# Backtest the strategies

Use an LLM to go through and predict the buy/ sell/ hold recommendation for the company for the given date. Steps needed:

1. Load the LLM - use DeepSeek R1 Qwen model at 7B parameters first and try the quantised models next
2. Step through each data and each financial statement to get a result
3. Log the results in a file and save to S3 (will need a logging file to save to S3 and resume in case of kernel crash)
4. Need a backtesting framework to apply the results


## Load libraries needed

In [8]:
import json
import boto3
from s3fs import S3FileSystem
import os

import transformers
from transformers import AutoTokenizer, AutoModelForCausalLM
from huggingface_hub import login
import torch
from accelerate import Accelerator

import pandas as pd

from IPython.display import Markdown, display

from helper import get_s3_folder
import s3_model
import company_data
from s3_model import S3ModelHelper

In [9]:
import importlib
importlib.reload(company_data)

<module 'company_data' from '/project/company_data.py'>

## Load the LLM

Models to test:
- Qwen (Qwen/Qwen2.5-7B-Instruct)
- Llama (meta-llama/Llama-3.2-7B-Instruct)
- DeepSeek (deepseek-ai/DeepSeek-R1-Distill-Qwen-14B)

In [10]:
# Log into Huggingface

with open('pass.txt') as p:
    hf_login = p.read()
    
hf_login = hf_login[hf_login.find('=')+1:hf_login.find('\n')]
login(hf_login, add_to_git_credential=False)

In [10]:
c = s3_model.S3ModelHelper(s3_sub_folder='tmp/fs')
c.clear_folder('deepseek')

In [11]:
# Flag to download from Huggingface again or use stored model
USE_HF = False

model_id = "deepseek-ai/DeepSeek-R1-Distill-Qwen-14B"
model_id_s3 = 'deepseek'


if USE_HF:
   
    pipeline = transformers.pipeline(
        "text-generation",
        model=model_id,
        model_kwargs={"torch_dtype": torch.bfloat16},
        device_map="auto",
    )

    model = AutoModelForCausalLM.from_pretrained(model_id, device_map='auto', torch_dtype=torch.bfloat16 )
    tokenizer = AutoTokenizer.from_pretrained(model_id)
else:
    model_helper = s3_model.S3ModelHelper(s3_sub_folder='tmp/fs')
    model = model_helper.load_model(model_id_s3)
    tokenizer = AutoTokenizer.from_pretrained(model_id)

    pipeline = transformers.pipeline(
        "text-generation",
        model=model,
        tokenizer=tokenizer,
        model_kwargs={"torch_dtype": torch.bfloat16},
        device_map="auto",
    )
    model_helper.clear_folder(model_id_s3)
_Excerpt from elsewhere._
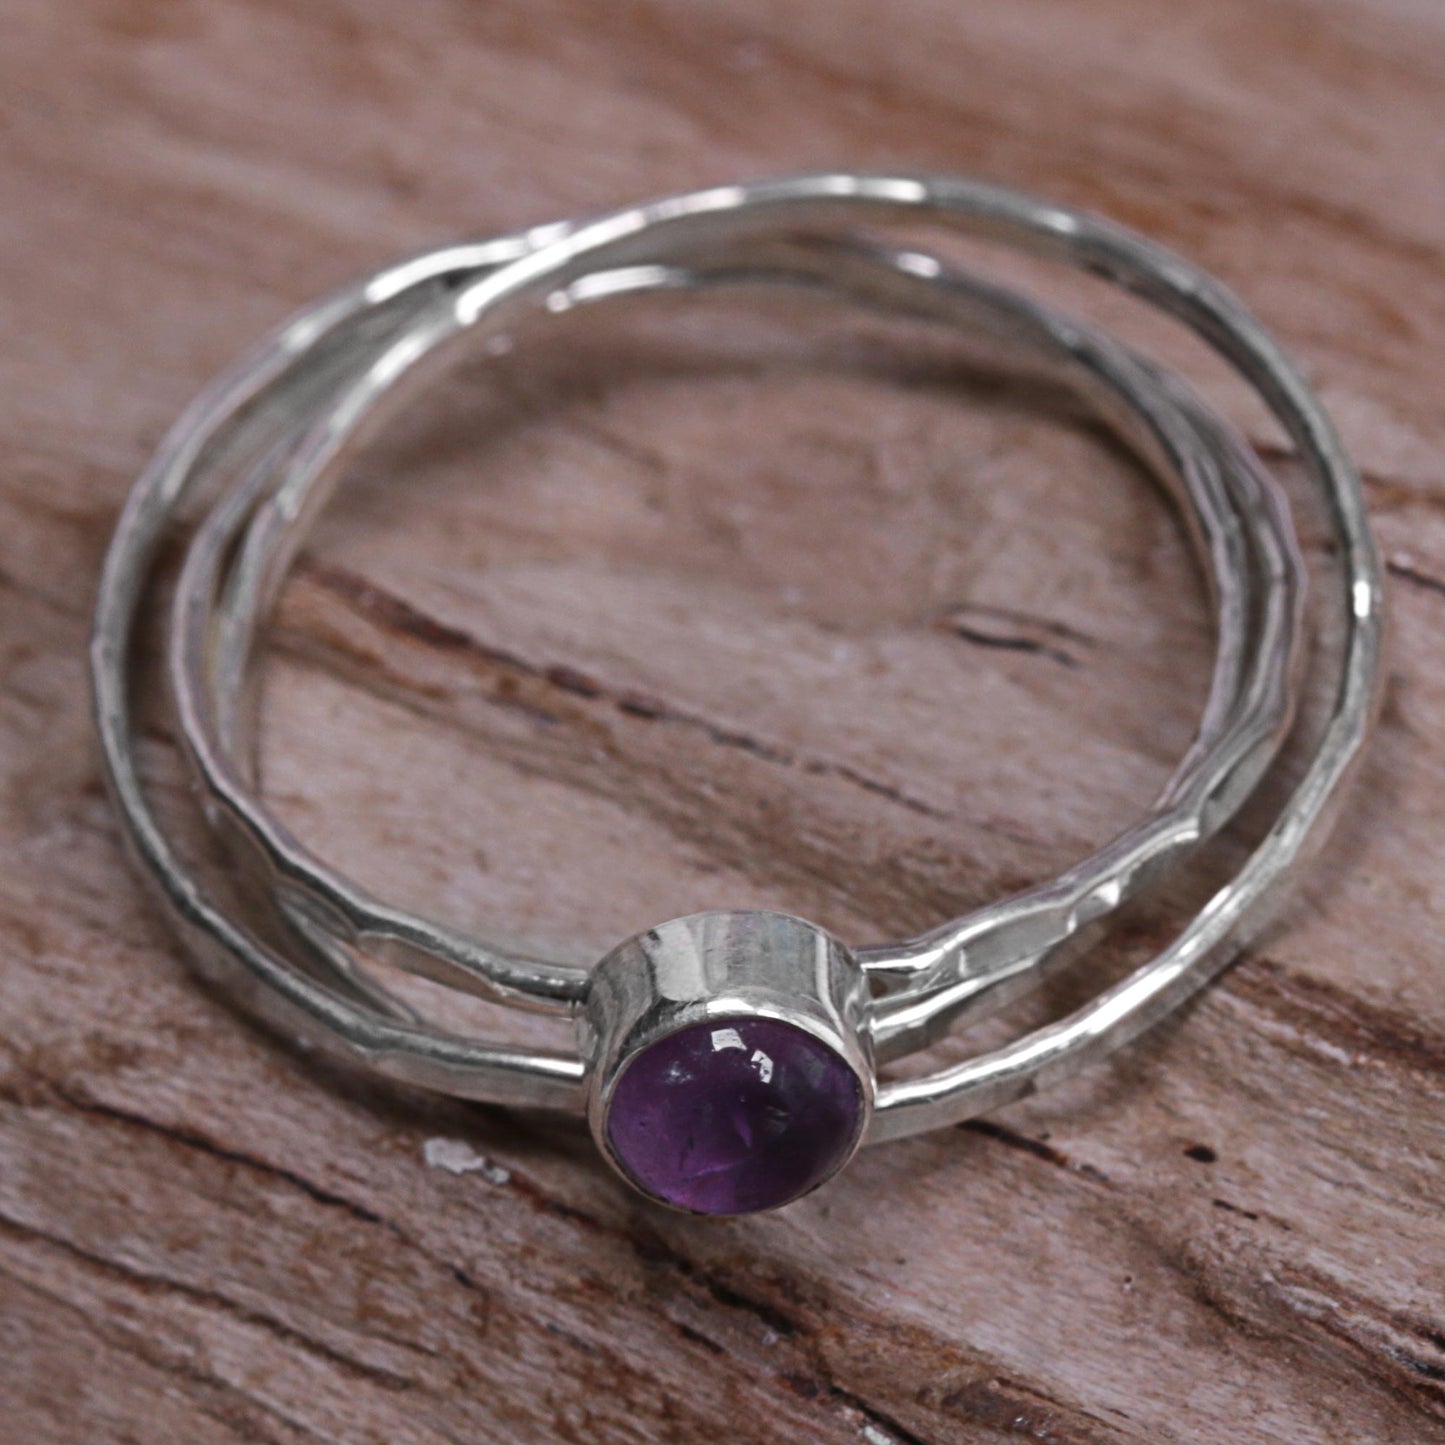 Magical Essence in Purple Amethyst and Sterling Silver Solitaire Ring from Indonesia

Loading checkpoint shards:   0%|          | 0/6 [00:00<?, ?it/s]

Device set to use cuda:0


## Load Financial PIT dataset

In [3]:
## Load from S3 using the helper file
sec_helper = company_data.SecurityData('tmp/fs','data_quarterly_pit.json')
all_data = sec_helper.get_all_data()

In [65]:
# USE WHILE DEVELOPING to
importlib.reload(company_data)
sec_helper = company_data.SecurityData('tmp/fs','data_quarterly_pit.json', all_data)

In [66]:
sec_helper.get_security_statement('2020-01-31','AON UN Equity','px')

Unnamed: 0_level_0,Price
Date,Unnamed: 1_level_1
2019-01-31,100.83
2019-02-28,101.25
2019-03-31,103.69
2019-04-30,118.13
2019-05-31,124.87
2019-06-30,127.68
2019-07-31,127.12
2019-08-31,129.44
2019-09-30,124.43
2019-10-31,125.22


In [5]:
system_prompt = "You are a financial analyst and must make a buy, sell or hold decision on a company based only on the provided datasets. \
        Compute common financial ratios and then determine the buy sell decision. Explain your reasons and answer in a format that compiles to a JSON object.\
        Answer as a JSON string with the following example format: \
        {'Investment Decision': BUY, 'Reason': 'Gross profit and EPS have both increased over time'}"


In [6]:
prompt = sec_helper.get_prompt('2020-01-31','AON UN Equity', system_prompt)

## Run an example in LLM

Run into out of memory problem - Potential fixes:
1. reduce size of model (quantize)
2. explore multi-gpu
3. reduce tokens

https://saturncloud.io/blog/how-to-solve-cuda-out-of-memory-error-in-pytorch/

https://huggingface.co/docs/accelerate/usage_guides/distributed_inference

https://medium.com/@geronimo7/llms-multi-gpu-inference-with-accelerate-5a8333e4c5db

Problem with splitting a single prompt into multiple gpus to calculate the result. Tensor parallelism - https://huggingface.co/docs/transformers/main/en/perf_train_gpu_many#tensor-parallelism

nvidia-smi will show available GPUs on the system.

In [76]:
accelerator = Accelerator()

In [77]:
a_model = accelerator.prepare(model)

In [72]:
formatted_chat = tokenizer.apply_chat_template(prompt, tokenize=False, add_generation_prompt=True)
outputs = pipeline(
    prompt,
    max_new_tokens=200,
)

test_output = outputs[0]['generated_text'][-1]
display(Markdown(test_output['content']))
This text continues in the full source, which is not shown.